Cloudera Data Science Workbench Health Tests
Cloudera Data Science Workbench Application Health
This Cloudera Data Science Workbench service-level health test checks for the presence of a running, healthy Application. The test returns "Bad" health if the service is running and the Application is not running. In all other cases it returns the health of the Application. A failure of this health test indicates a stopped or unhealthy Application. Check the status of the Application for more information. This test can be enabled or disabled using the Application Role Health Test Application service-wide monitoring setting.
Short Name: Application Health
Property Name | Description | Template Name | Default Value | Unit |
---|---|---|---|---|
Application Role Health Test | When computing the overall CDSW health, consider Application's health | CDSW_CDSW_APPLICATION_health_enabled | true | no unit |
Cloudera Data Science Workbench CDSW Status
This health test ensures Cloudera Data Science Workbench is ready to serve requests. If unhealthy you should verify the service configurations and refer to Troubleshooting Cloudera Data Science Workbench.
Short Name: CDSW Status
Cloudera Data Science Workbench Docker Daemon Health
This is a Cloudera Data Science Workbench service-level health test that checks that enough of the Docker Daemons in the cluster are healthy. The test returns "Concerning" health if the number of healthy Docker Daemons falls below a warning threshold, expressed as a percentage of the total number of Docker Daemons. The test returns "Bad" health if the number of healthy and "Concerning" Docker Daemons falls below a critical threshold, expressed as a percentage of the total number of Docker Daemons. For example, if this test is configured with a warning threshold of 95% and a critical threshold of 90% for a cluster of 100 Docker Daemons, this test would return "Good" health if 95 or more Docker Daemons have good health. This test would return "Concerning" health if at least 90 Docker Daemons have either "Good" or "Concerning" health. If more than 10 Docker Daemons have bad health, this test would return "Bad" health. A failure of this health test indicates unhealthy Docker Daemons. Check the status of the individual Docker Daemons for more information. This test can be configured using the Cloudera Data Science Workbench Cloudera Data Science Workbench service-wide monitoring setting.

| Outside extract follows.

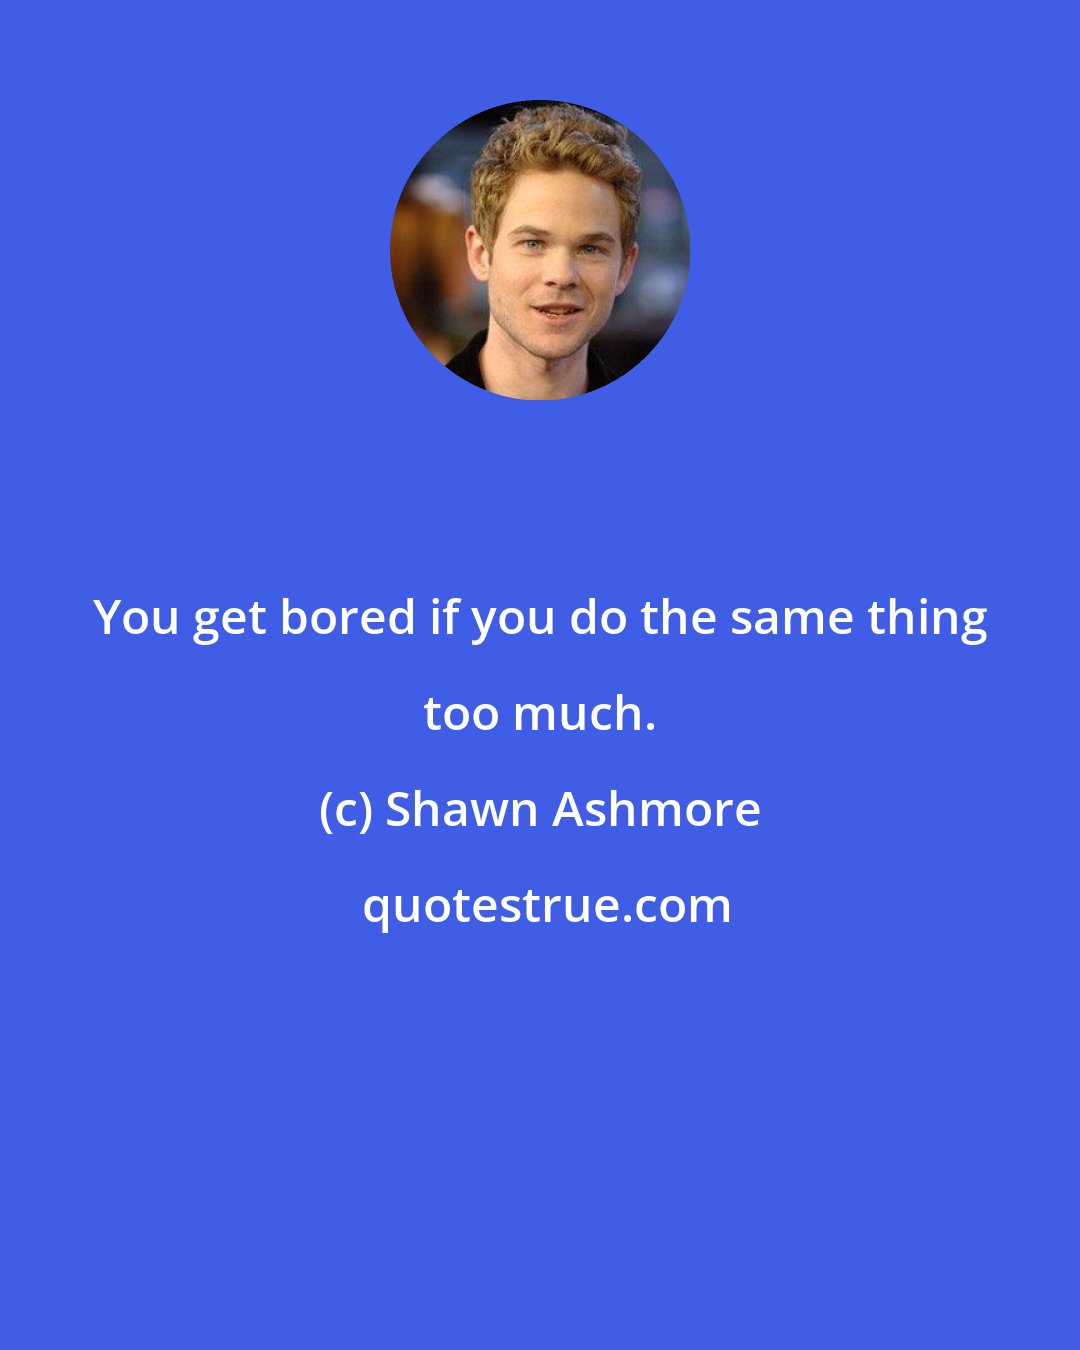 Shawn Ashmore: You get bored if you do the same thing too much.

Short Name: Docker Daemon Health
Property Name | Description | Template Name | Default Value | Unit |
---|---|---|---|---|
Healthy Docker Daemon Monitoring Thresholds | The health test thresholds of the overall Docker Daemon health. The check returns "Concerning" health if the percentage of "Healthy" Docker Daemons falls below the warning threshold. The check is unhealthy if the total percentage of "Healthy" and "Concerning" Docker Daemons falls below the critical threshold. | CDSW_CDSW_DOCKER_healthy_thresholds | critical:70.0, warning:95.0 | PERCENT |
Cloudera Data Science Workbench Master Health
This Cloudera Data Science Workbench service-level health test checks for the presence of a running, healthy Master. The test returns "Bad" health if the service is running and the Master is not running. In all other cases it returns the health of the Master. A failure of this health test indicates a stopped or unhealthy Master. Check the status of the Master for more information. This test can be enabled or disabled using the Master Role Health Test Master service-wide monitoring setting.
Short Name: Master Health
Property Name | Description | Template Name | Default Value | Unit |
---|---|---|---|---|
Master Role Health Test | When computing the overall CDSW health, consider Master's health | CDSW_CDSW_MASTER_health_enabled | true | no unit |
Cloudera Data Science Workbench Worker Health
This is a Cloudera Data Science Workbench service-level health test that checks that enough of the Workers in the cluster are healthy. The test returns "Concerning" health if the number of healthy Workers falls below a warning threshold, expressed as a percentage of the total number of Workers. The test returns "Bad" health if the number of healthy and "Concerning" Workers falls below a critical threshold, expressed as a percentage of the total number of Workers. For example, if this test is configured with a warning threshold of 95% and a critical threshold of 90% for a cluster of 100 Workers, this test would return "Good" health if 95 or more Workers have good health. This test would return "Concerning" health if at least 90 Workers have either "Good" or "Concerning" health. If more than 10 Workers have bad health, this test would return "Bad" health. A failure of this health test indicates unhealthy Workers. Check the status of the individual Workers for more information. This test can be configured using the Cloudera Data Science Workbench Cloudera Data Science Workbench service-wide monitoring setting.
Short Name: Worker Health
Property Name | Description | Template Name | Default Value | Unit |
---|---|---|---|---|
Healthy Worker Monitoring Thresholds | The health test thresholds of the overall Worker health. The check returns "Concerning" health if the percentage of "Healthy" Workers falls below the warning threshold. The check is unhealthy if the total percentage of "Healthy" and "Concerning" Workers falls below the critical threshold. | CDSW_CDSW_WORKER_healthy_thresholds | critical:70.0, warning:95.0 | PERCENT |